Subject: Re: high input packet rate can lead to process starvation
To: YAMAMOTO Takashi <yamt@mwd.biglobe.ne.jp>
From: Tad Hunt <tad@entrisphere.com>
List: tech-net
Date: 09/25/2006 12:09:25
What are the chances of something like this making it into NetBSD in the 
near future?

-Tad

YAMAMOTO Takashi wrote:
>> As long as there are ip packets in the queue, ipintr() will continue 
>> happily processing them.
>>
>> This is really a problem not just with the ipintrq, but with all of the 
>> software-interrupt protocol input routines.
>>
>> My solution (this is a hack) is to put a time-limit on how long ipintr() 

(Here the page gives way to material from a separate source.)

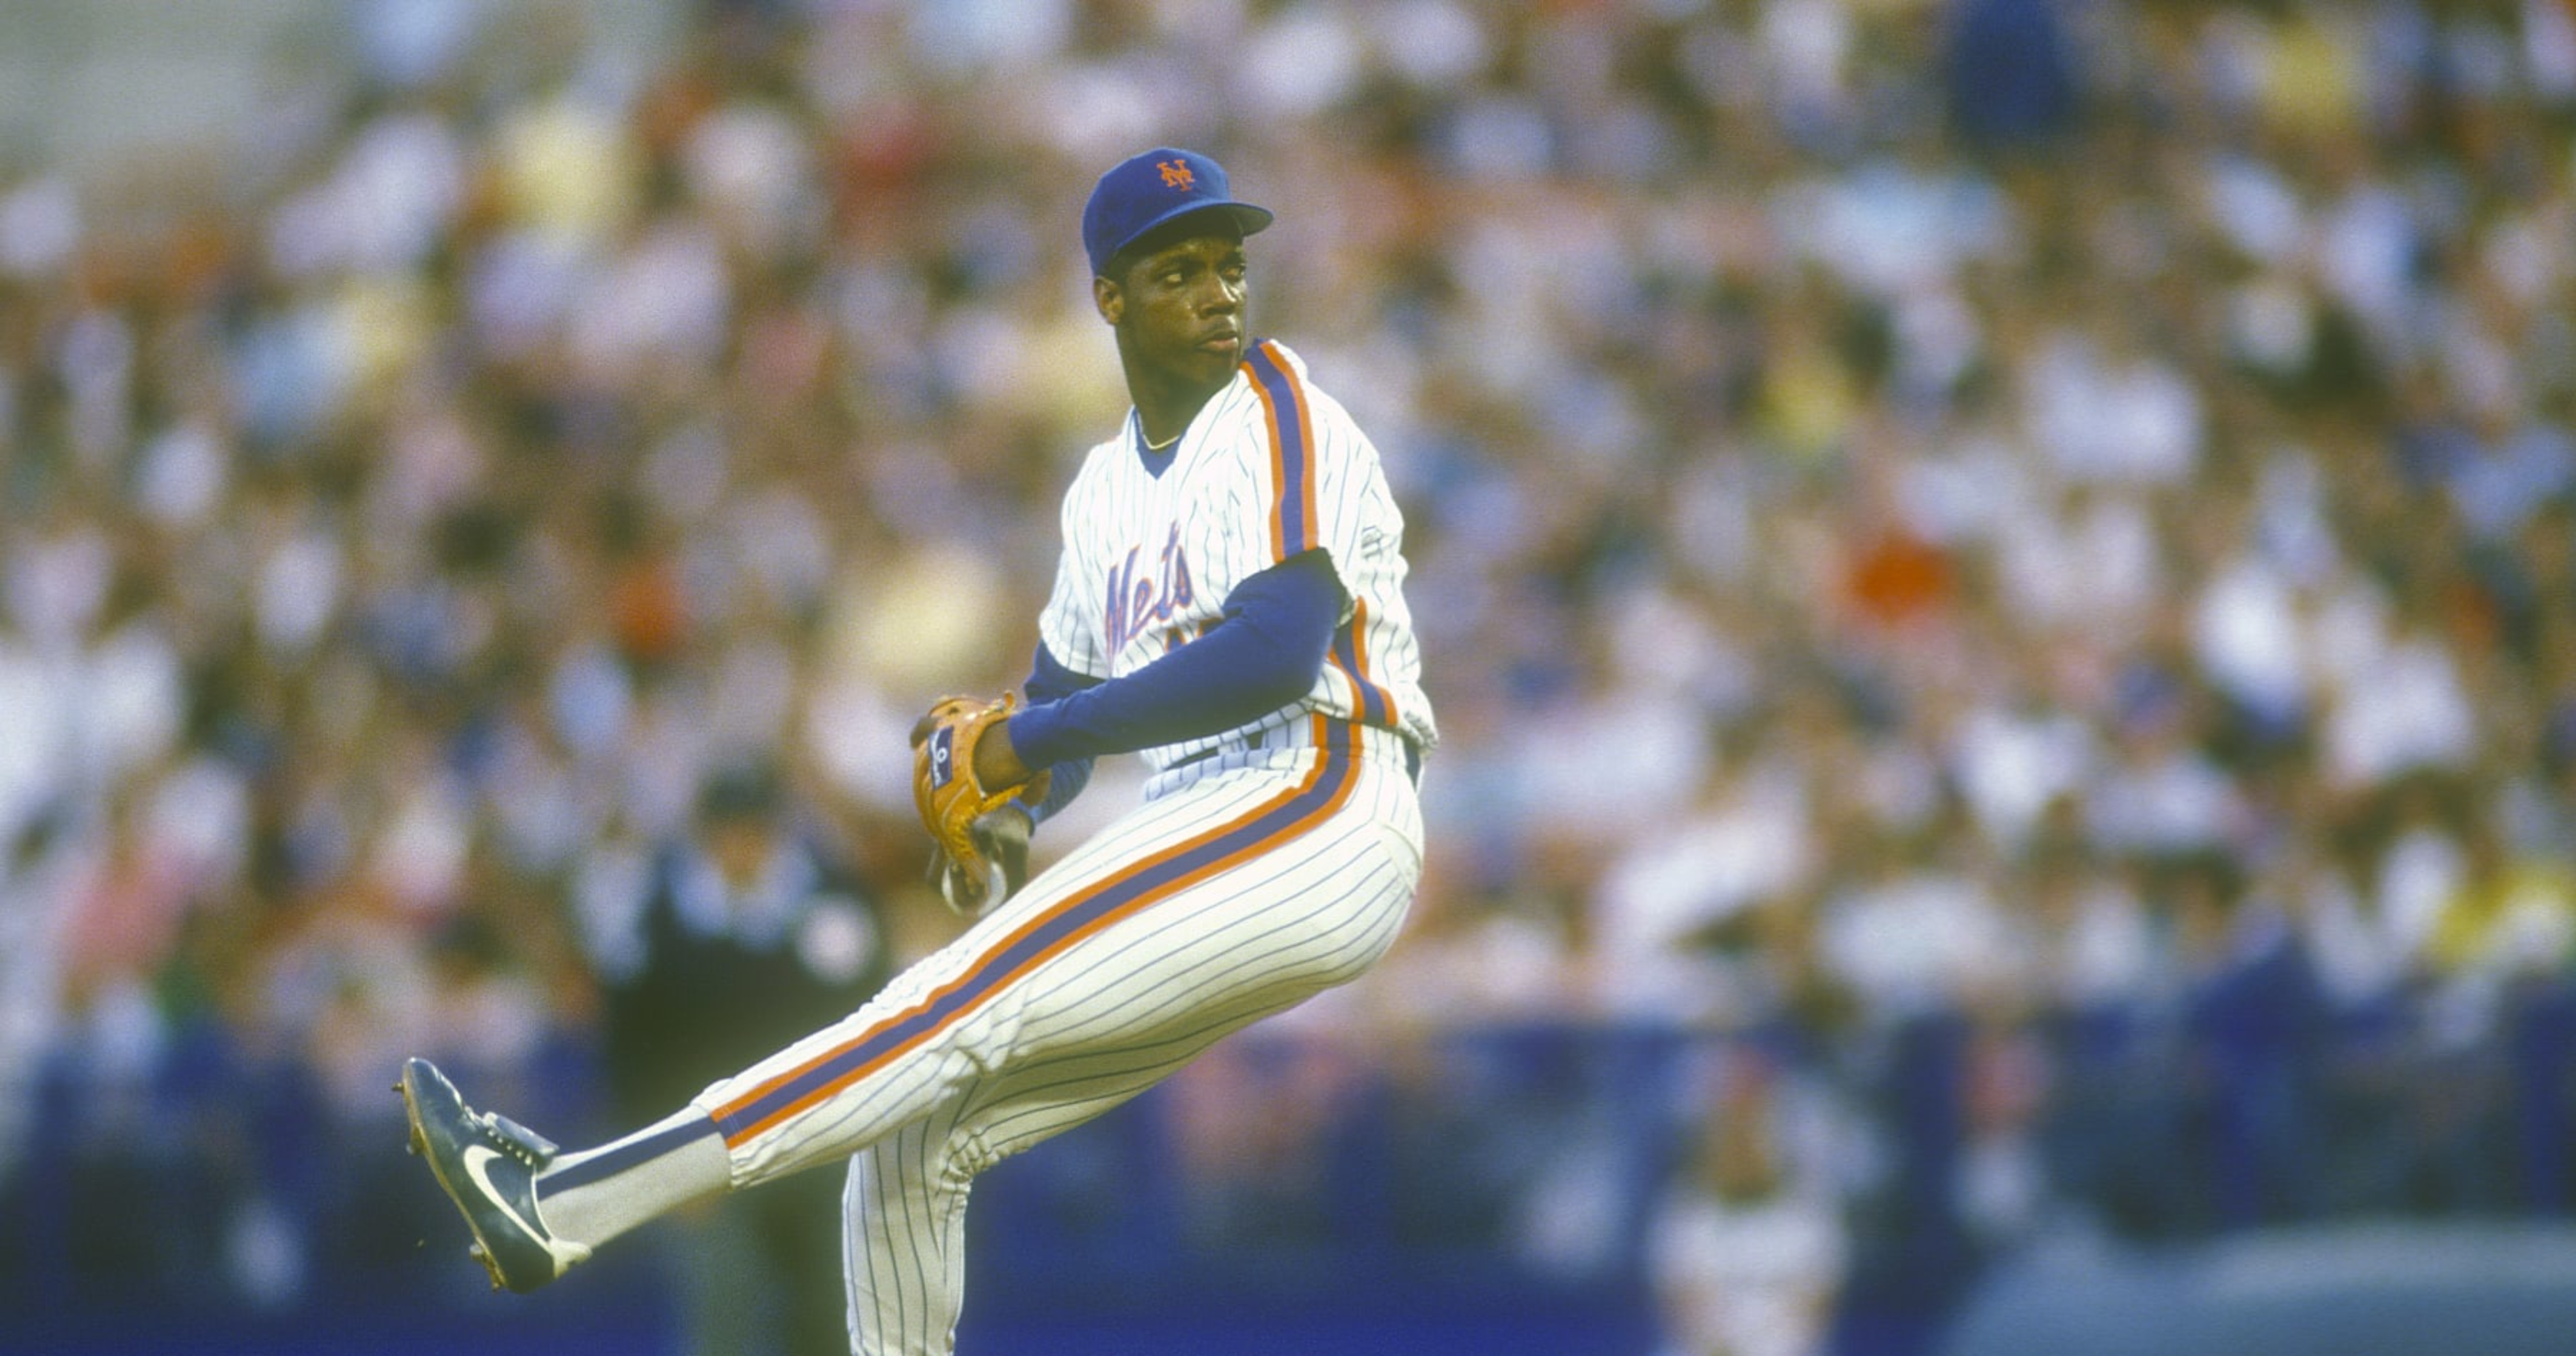 Mets to retire numbers for Doc Gooden and Darryl Strawberry – NBC New York
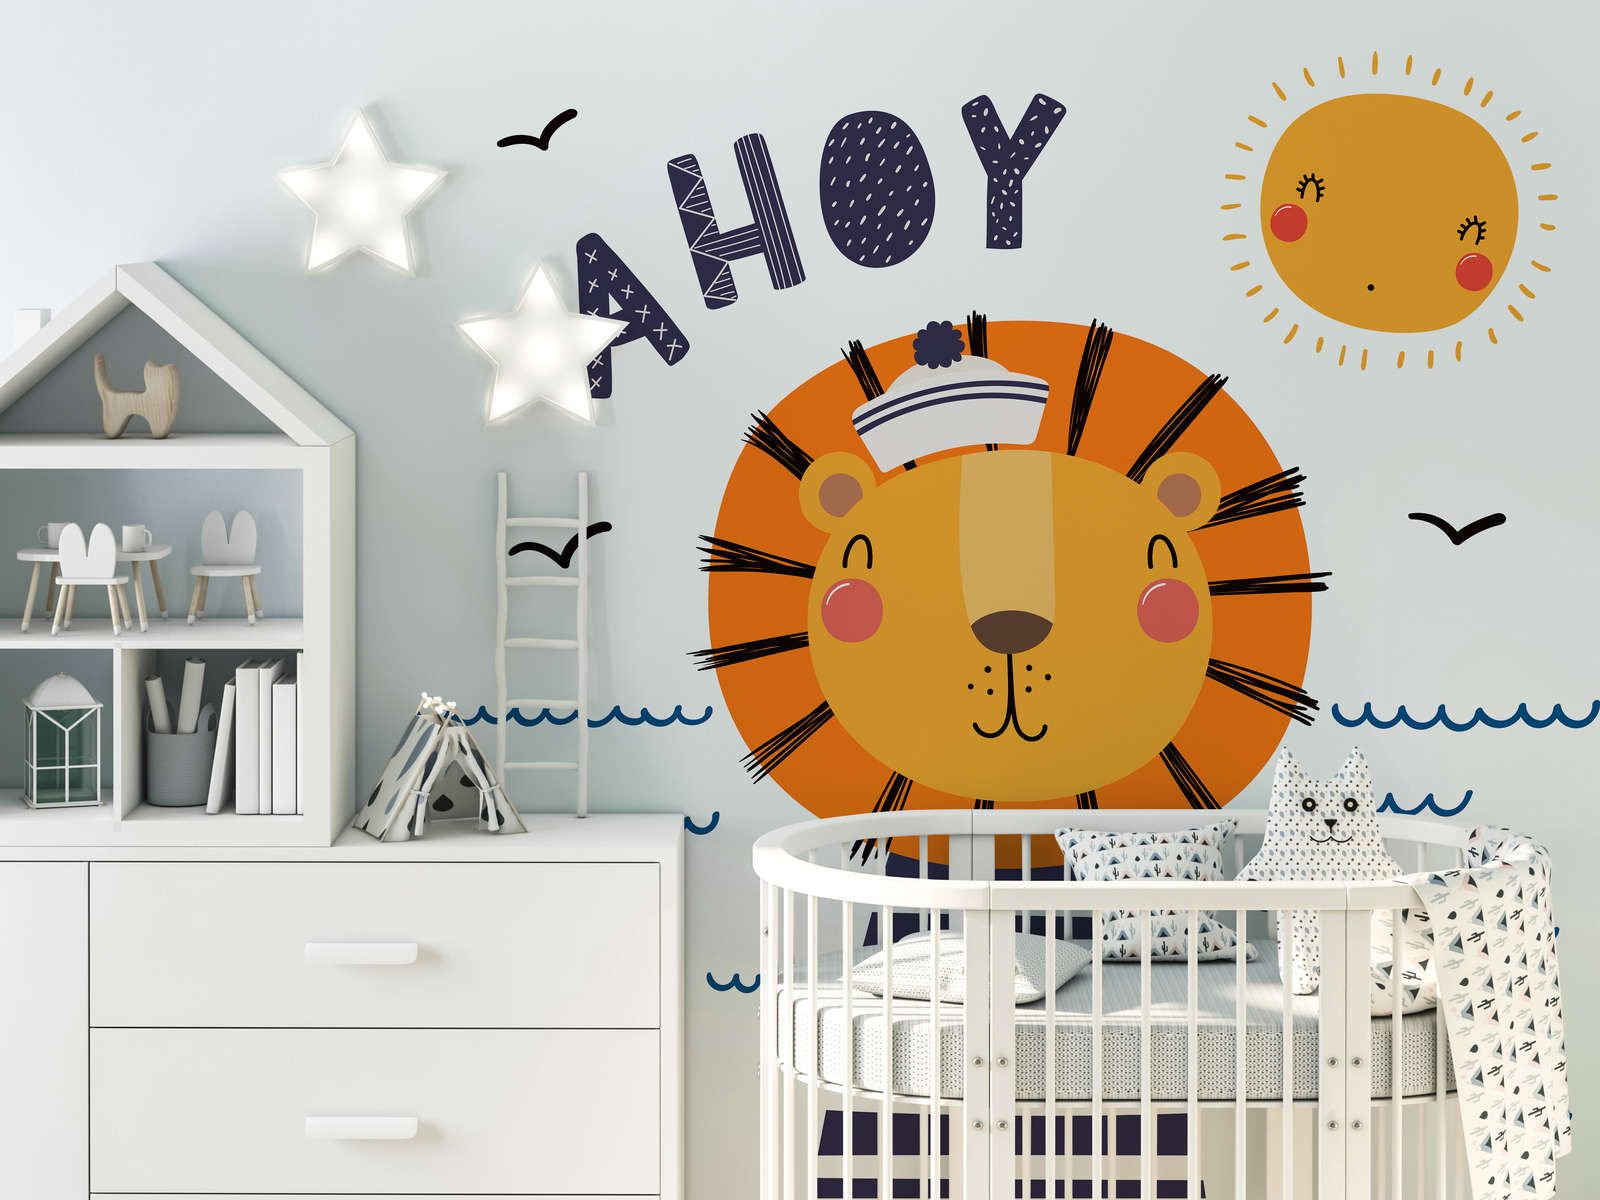             Photo wallpaper for children's room with lion pirate - Smooth & slightly shiny non-woven

>> is allowed to run.  If it runs longer than this without emptying the 
>> queue, I set a global "ipdisabled" flag and start a callout ticking that 
>> will wakeup, clear the flag, and setsoftnet() (code attached).  In 
>> addition the ethernet driver drops all packets as long as ipdisabled is 
>> true.  (See the attachment for code)
> 
> it reminds me the attached code.
> (i thought i've filed a PR but couldn't find a number.)
> the idea was let a thread process the queue when it's somewhat busy.
> 
> YAMAMOTO Takashi
> 
> 
> ------------------------------------------------------------------------
> 
> 
> #include <sys/param.h>
> #include <sys/systm.h>
> #include <sys/mbuf.h>
> #include <sys/kthread.h>
> #include <sys/lock.h>
> #include <sys/proc.h>
> 
> #include <net/if.h>
> #include <net/netisr.h>
> 
> #if 1
> /* XXX should be per netisr */
> #define NETISR_COUNTER_DEFINE(name)   \
> struct evcnt netisr_stat_##name       \
>     = EVCNT_INITIALIZER(EVCNT_TYPE_MISC, NULL, "netisr", #name); \
> EVCNT_ATTACH_STATIC(netisr_stat_##name)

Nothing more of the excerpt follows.